Even the quality of equipment and trucks has improved dramatically during the past 20 years, he said.
During Dawson’s final council meeting as chief, Mayor Pat Moeller noted he had served as chief during one of the most traumatic periods in the fire department’s history, the 2015 death in the line of duty of firefighter Patrick Wolterman, in an arson fire.
“The one thing that if I had to wish for, for my retirement, is for Patrick Wolterman to be able to shake my hand and say, ‘Happy retirement,’” he said. “That’s the one challenge. But I’m very proud of the men and women of the Hamilton Fire Department. Despite the challenges they’ve faced the past several years, they still go out every day, and give 100 percent. They provide excellent emergency service.”

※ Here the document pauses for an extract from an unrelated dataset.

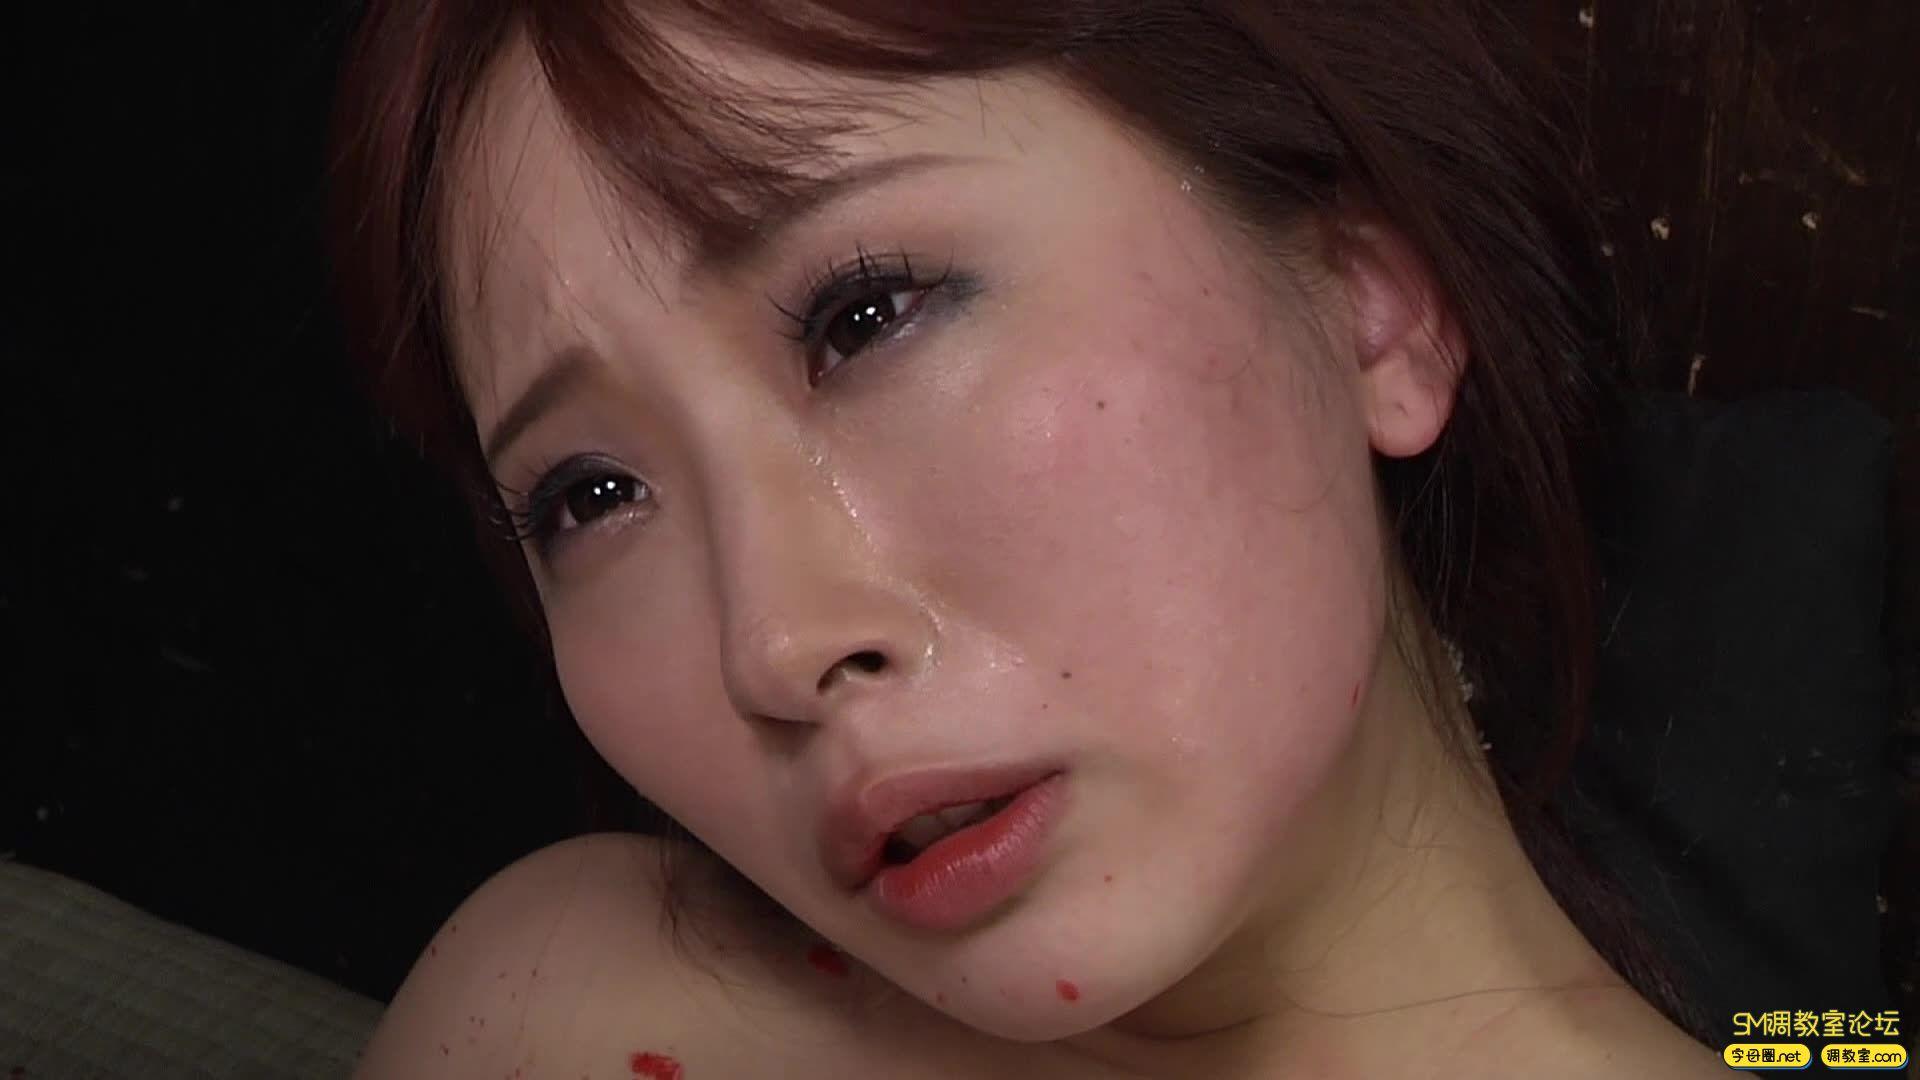 [Dogma合集] - GTJ-030 - 縄・女囚拷問 美咲結衣-视频截图6

His retirement will become official in early February, but he’s using vacation time between now and then.
Wile and Dawson weren’t the only Taft Tigers Class of ‘73 to have successful careers.
“It’s kind of a standing joke around here,” Dawson said, “because the class, we were probably very apathetic when we went to school. Our class probably came in last in Homecoming parade competition.”
But yet, the class produced a four-star general Rick Lynch and two-time Super Bowl champion Dave Stalls, a defensive lineman (a champion with the Dallas Cowboys in Super Bowl XII, and Los Angeles Raiders in Super Bowl XVIII).